**TRY IT**
Return the material below exactly, but only from the line with "SEBI Imposes Penalties" through the line with "beetroot cutlet served", and without its pictures.

**LISTED ENTRIES**
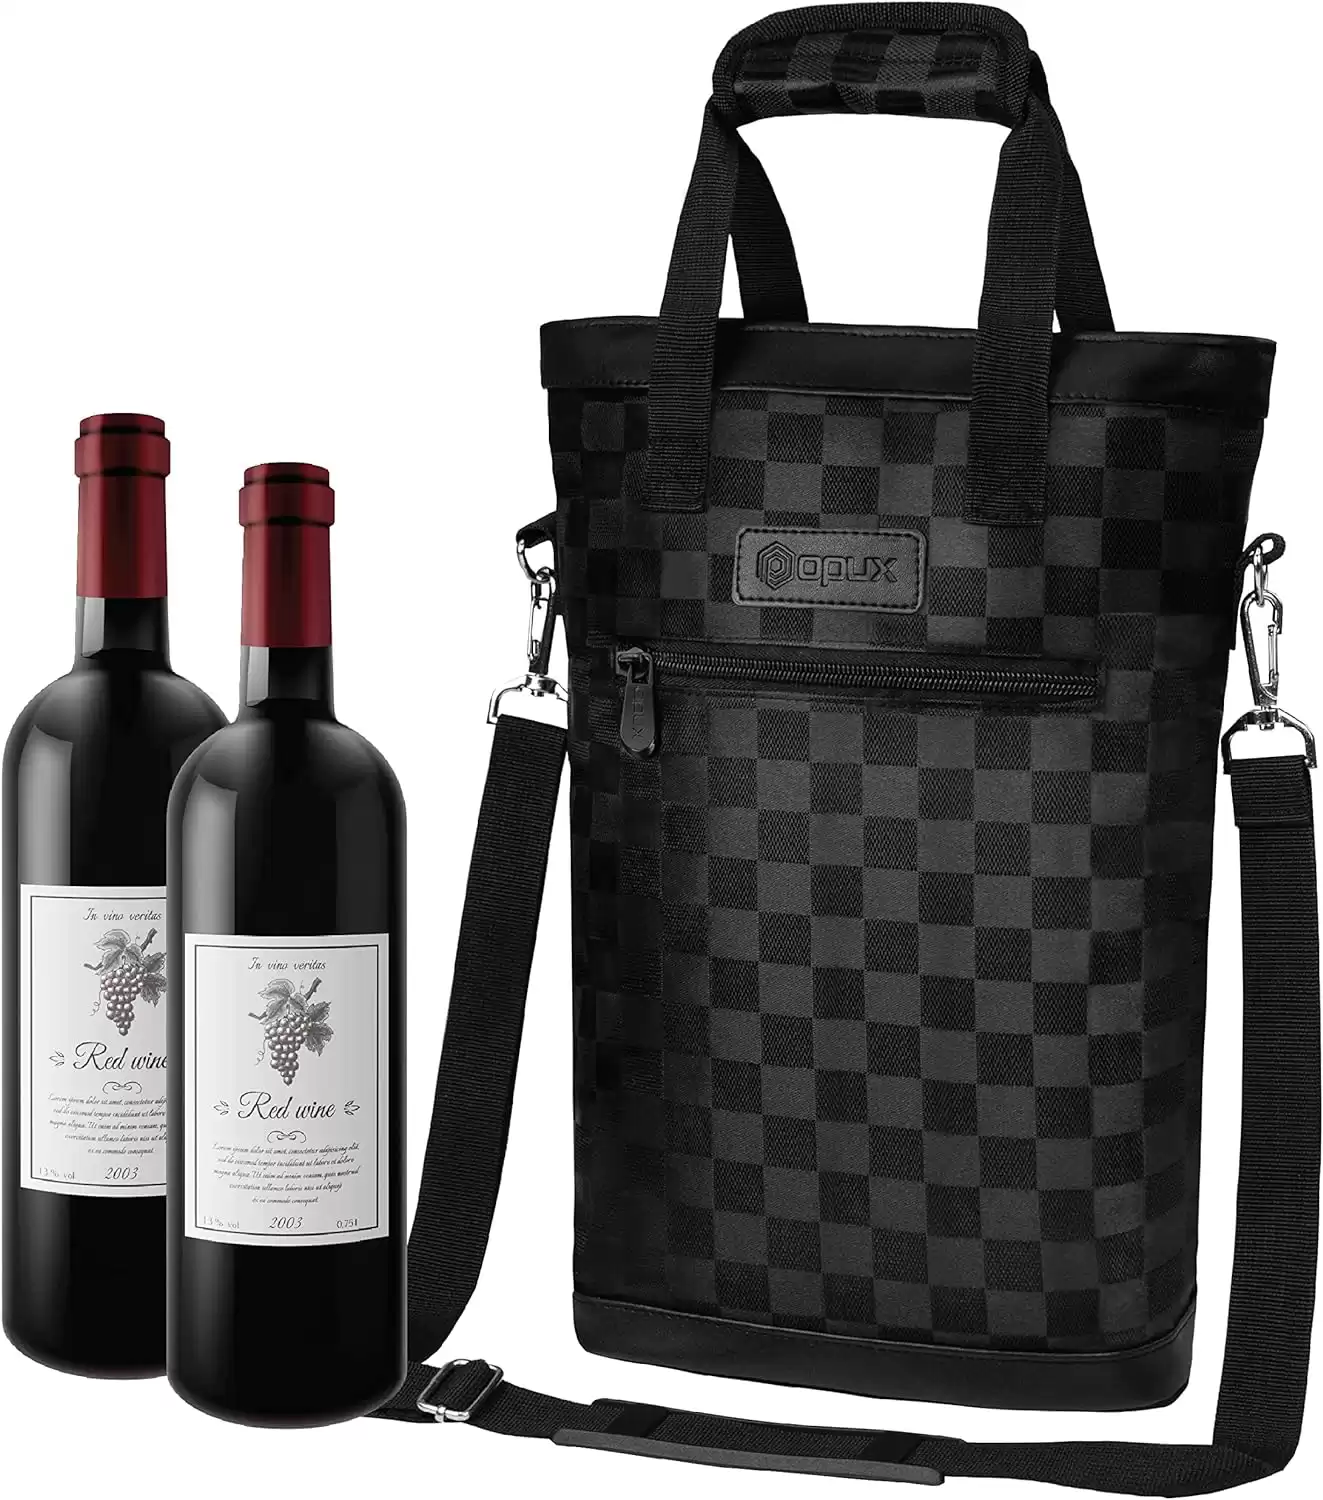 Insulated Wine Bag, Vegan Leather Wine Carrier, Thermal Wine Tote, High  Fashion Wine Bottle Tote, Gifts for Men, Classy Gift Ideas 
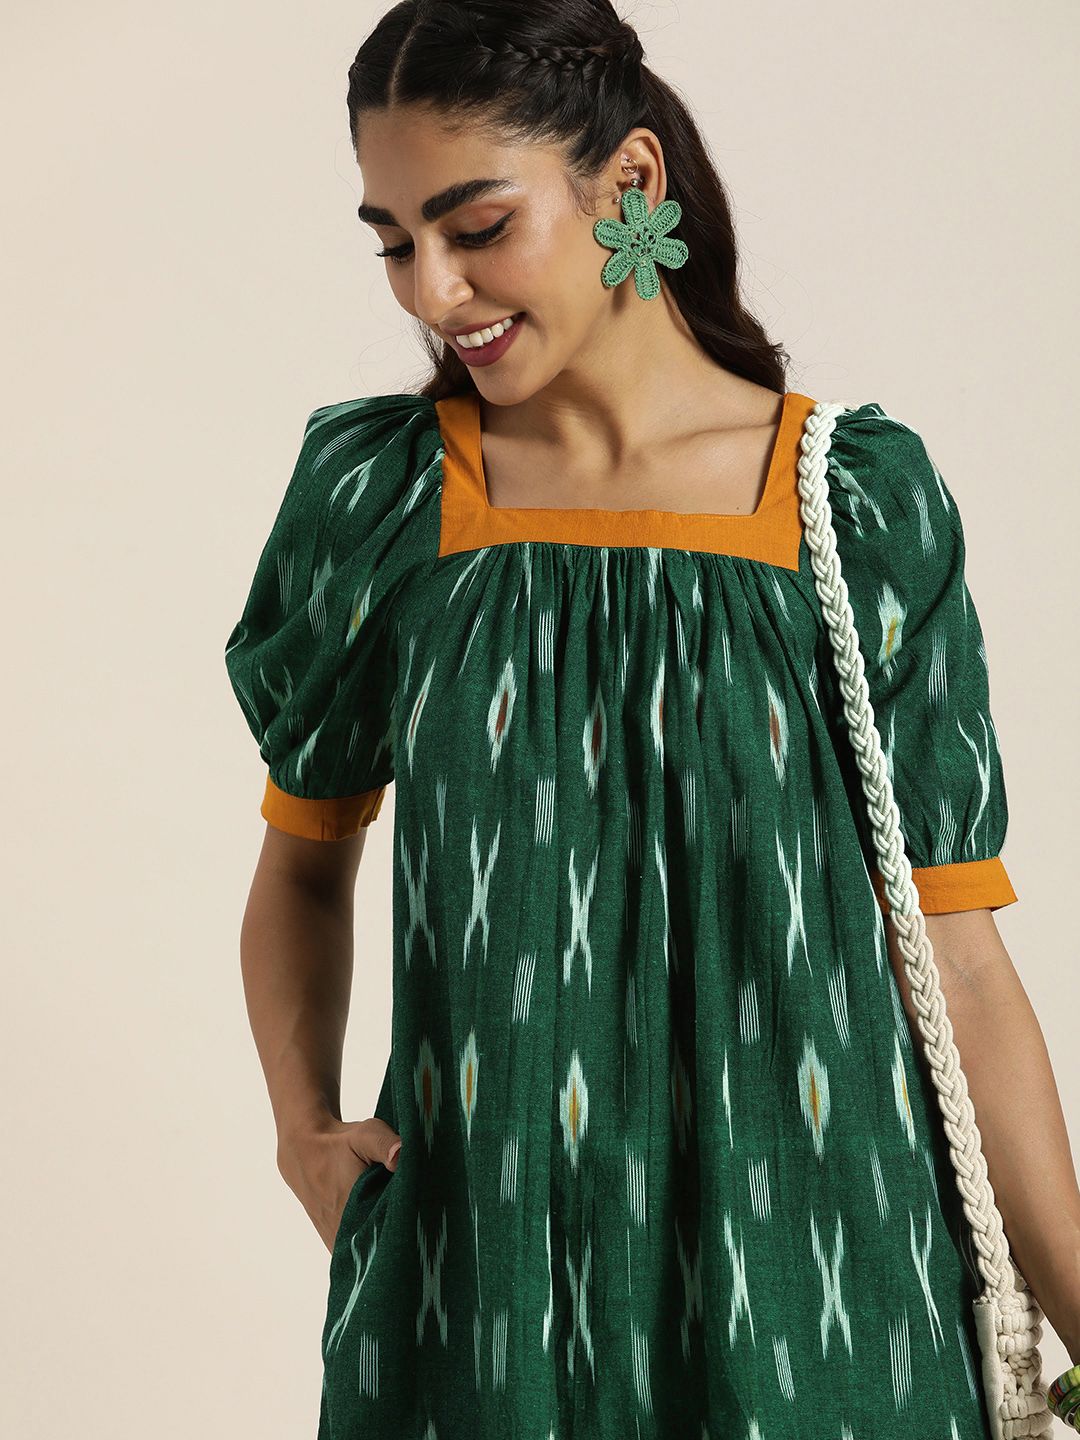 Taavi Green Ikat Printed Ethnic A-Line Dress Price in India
---
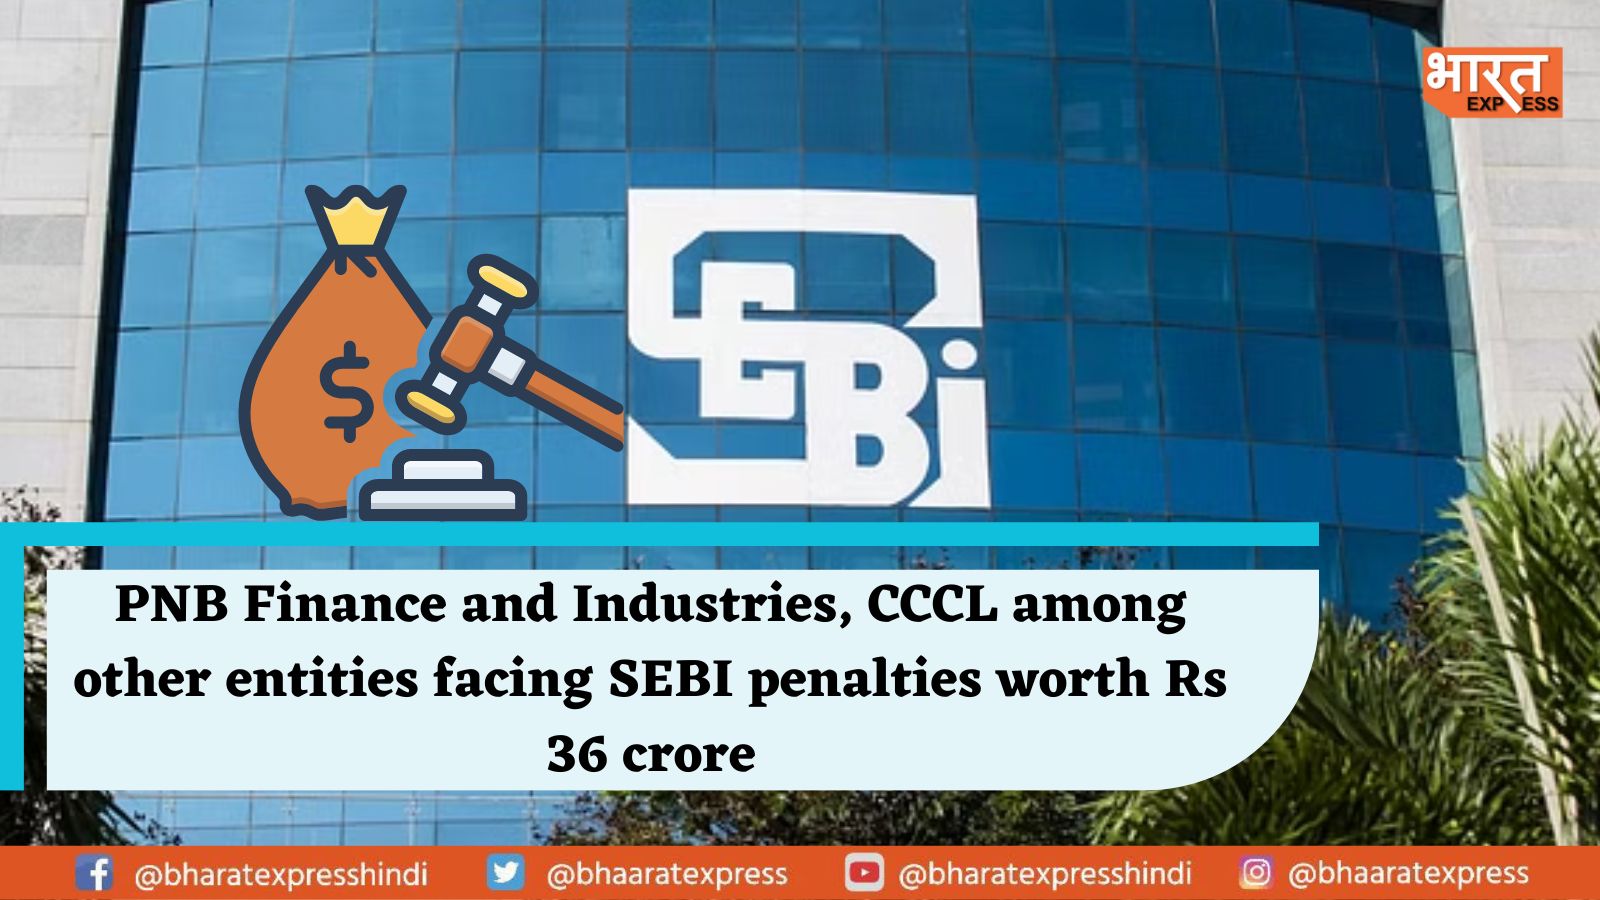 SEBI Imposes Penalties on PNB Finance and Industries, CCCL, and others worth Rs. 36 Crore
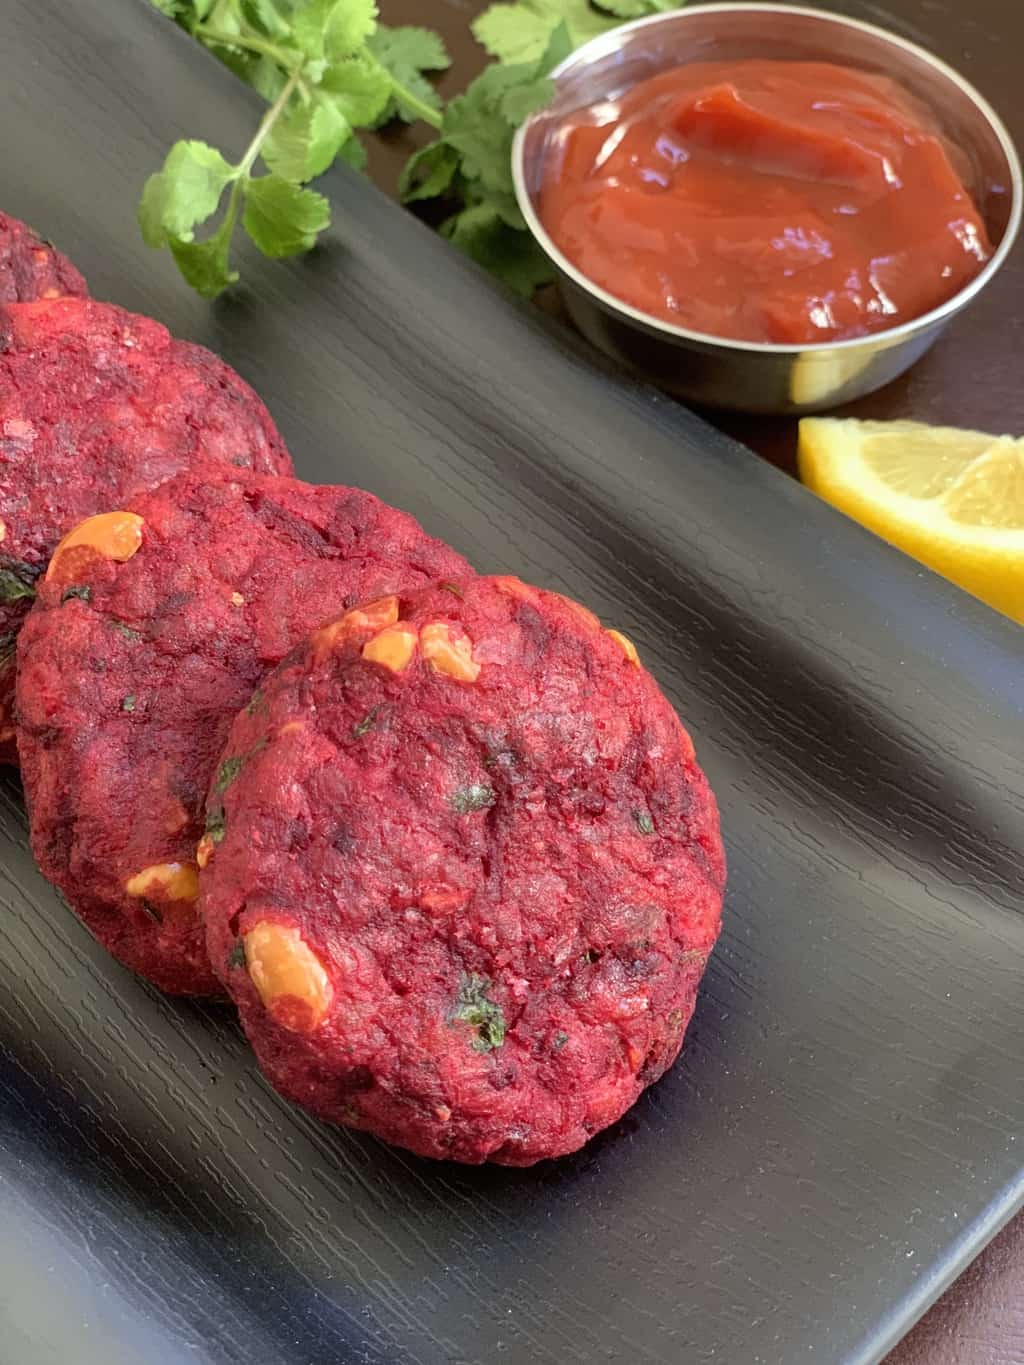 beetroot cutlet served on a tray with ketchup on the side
--
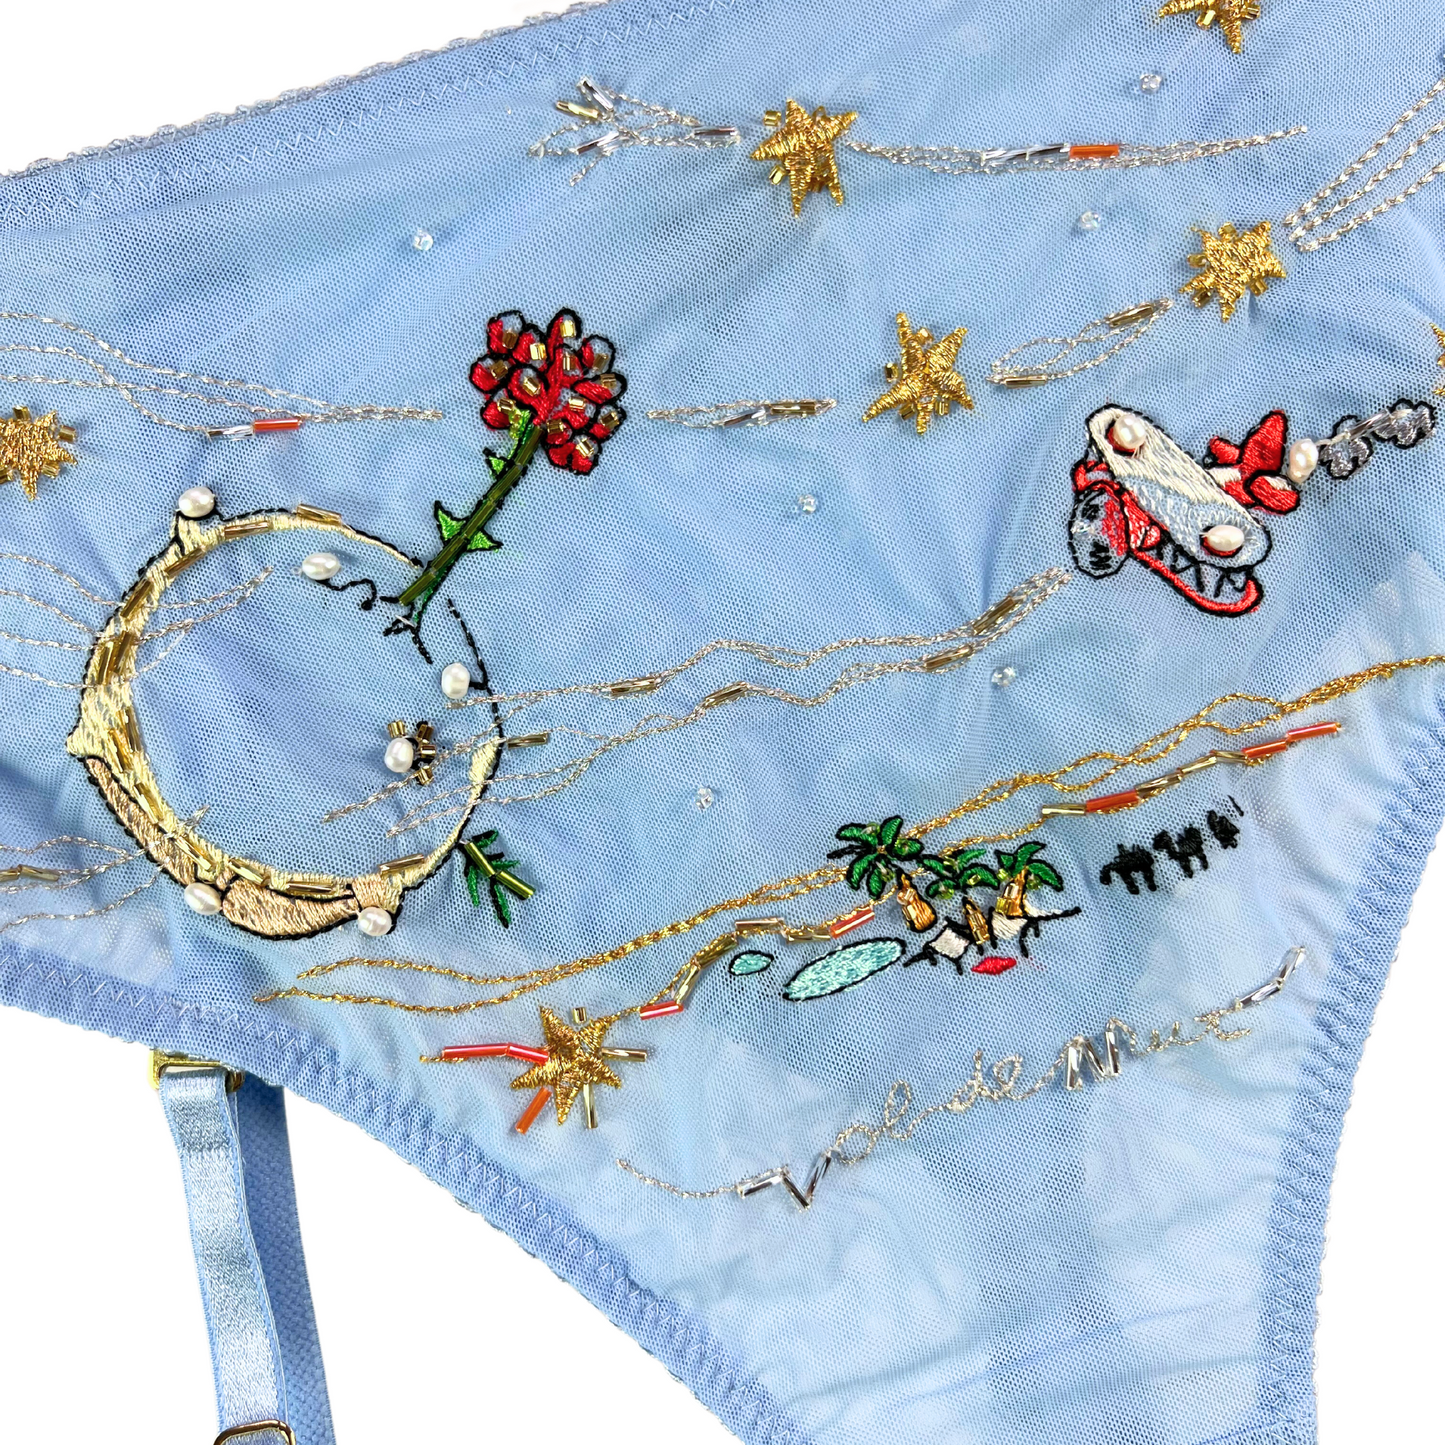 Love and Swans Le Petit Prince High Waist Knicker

**EXPECTED OUTPUT**
 SEBI Imposes Penalties on PNB Finance and Industries, CCCL, and others worth Rs. 36 Crore
 beetroot cutlet served on a tray with ketchup on the side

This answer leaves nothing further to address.